The same day I went to the New Museum to check out The Last Newspaper, an exhibit on the historical and contemporary meaning of that beloved anacronism. Mostly because I heard from Jace Clayton that each week a different section of a traditional newspaper will be created in house—he's doing the music section. On the train home I finished re-reading Free Culture (anticipating the dip into diss writing pool) and just had a deeply cynical laugh about the idea of the RIAA sueing fans throughout the 2000s for trading music, taking the life savings of teenagers, while bankers stole hundreds of billions of dollars, and not one has been seriously punished. Mostly just thought about the scale of the finance industry against such terribly tangible industries as newsprint, about the death of making "things" and the era of making "ideas" or, in the case of the finance industry, "dreams" (as the film says) or "speculation" or "risk" or...lies. And how, as we move away from things to ideas/dreams/risk, fewer and fewer people participate in the work, and fewer profit.
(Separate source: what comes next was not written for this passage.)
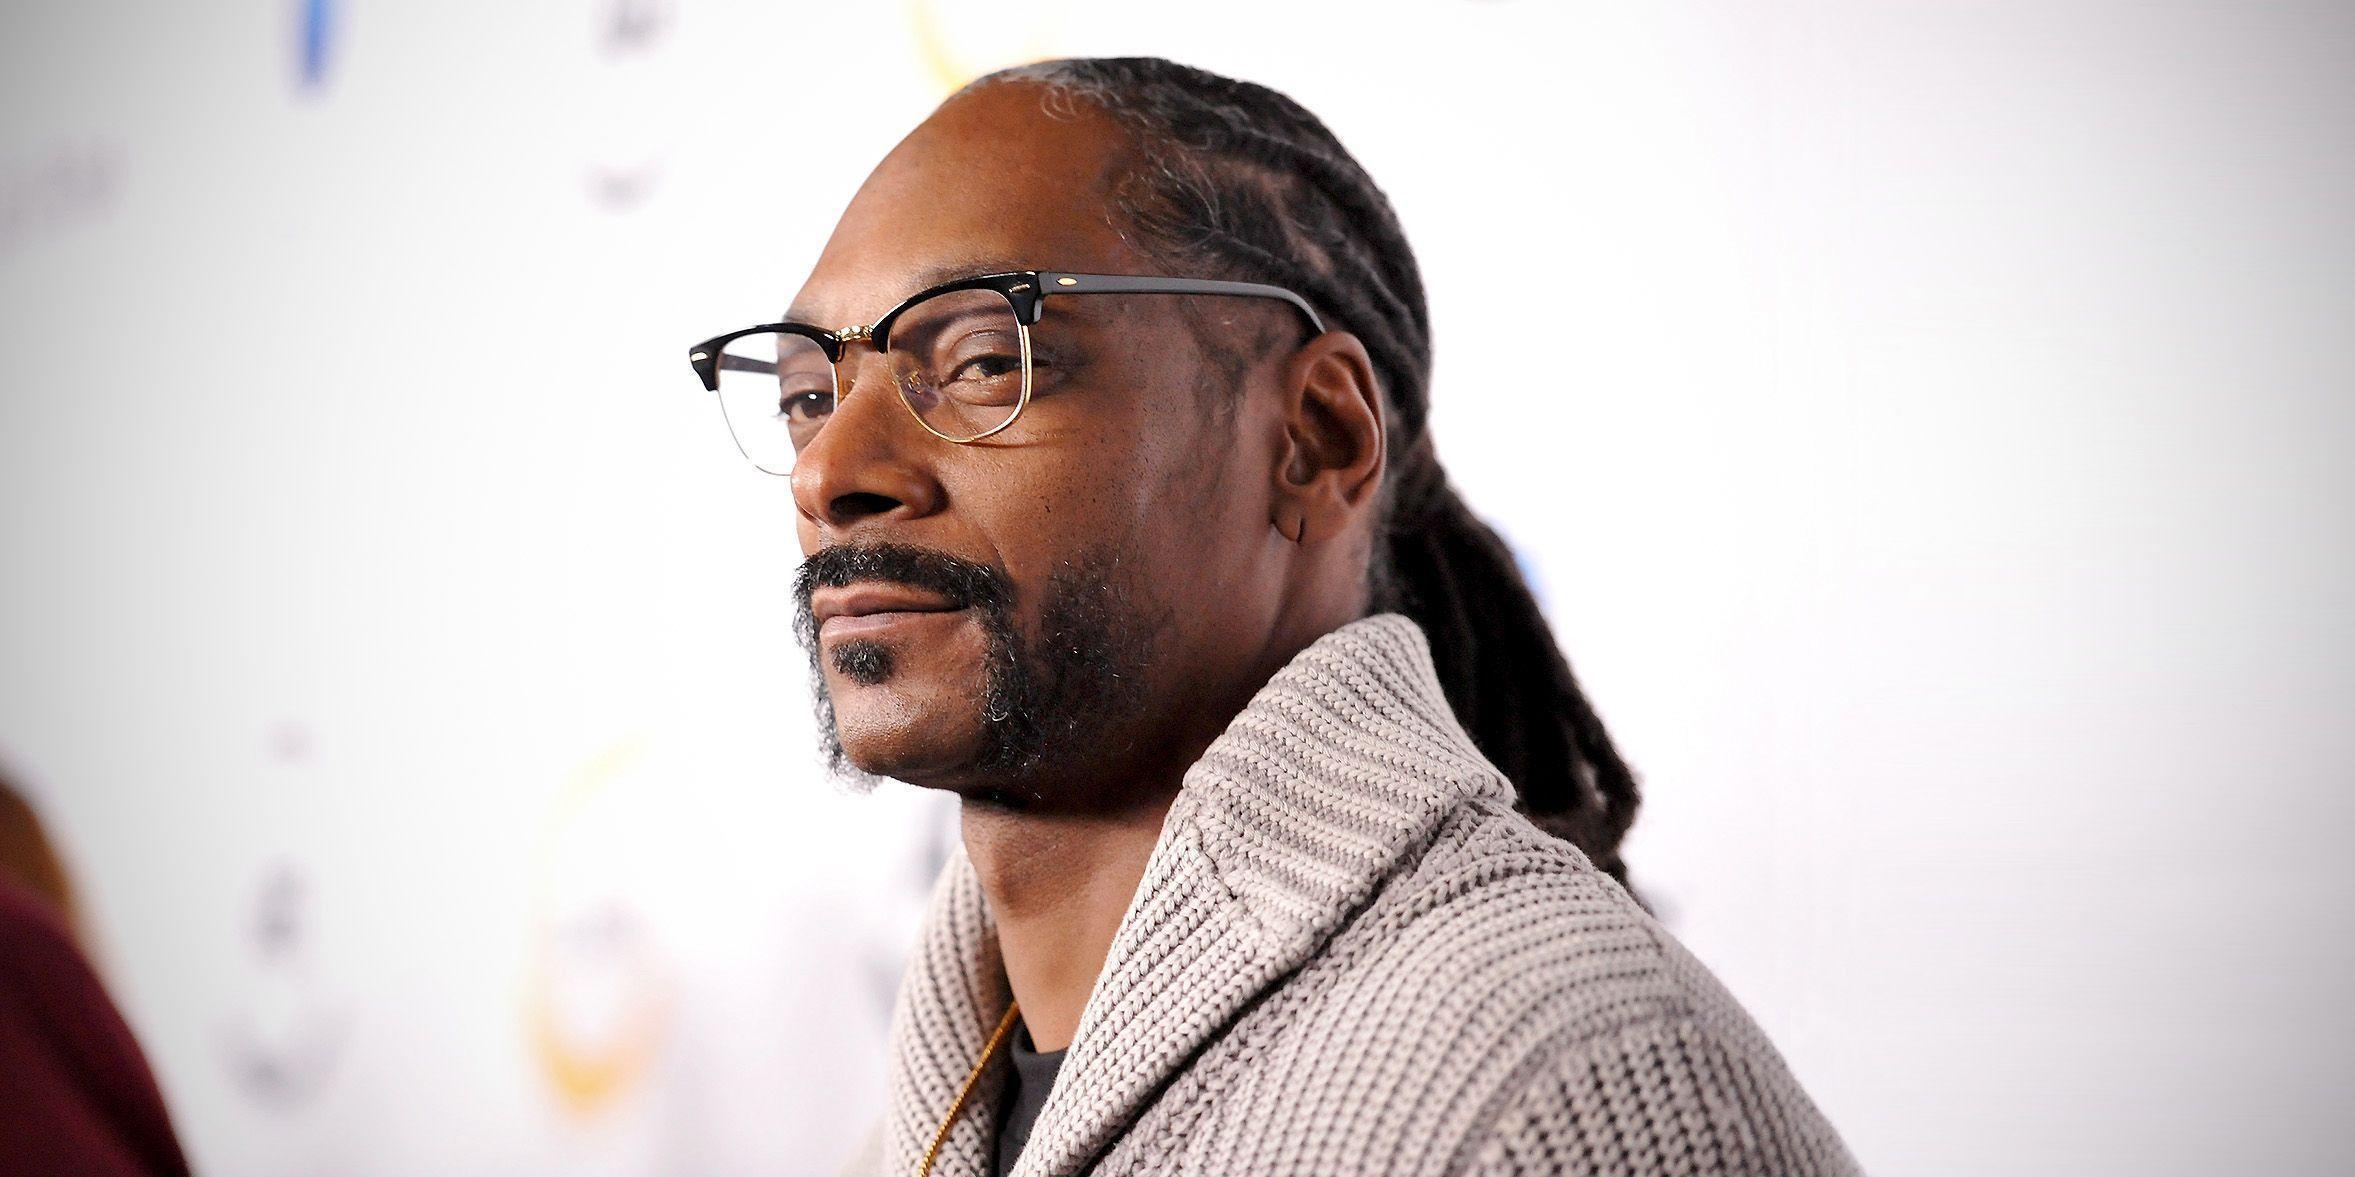 Snoop Dogg Wallpaper Background

One of the conceits of the Last Newspaper exhibit (which is, by no coincidence, above the exhibit called "Free," a hectic jumble of new media, sculpture, and painting on the subject of participatory digital media networks) was that readers are more critical and unconvinced by the authority of mainstream media. And today I just started rereading Convergence Culture, which has a rather fascinating chapter about Survivor "spoiler" fandom and how online communities designate authority. What I came away thinking about the last few days is the shifting credentials for authority, the end of the paper as the place of authority, and the shifting places audiences go to find authority. Charles Ferguson started his own production company because no one was making films about the subjects he cared about, but he's a multi-millionare. The Last Newspaper makes news about China's censorship practices and posts it up on walls in public around New York City, as is the practice in China itself. As an art project, a fleeting engagement. How do we, as citizens, synthesize all these disperate voices, evaluate the credentials, find points of dialog. How do learn how to ask questions that make our dean's squirm, and learn how to be impolite enough to expect them to answer, to really answer, for the mess they made? That was the job of the journalist. Maybe not anymore.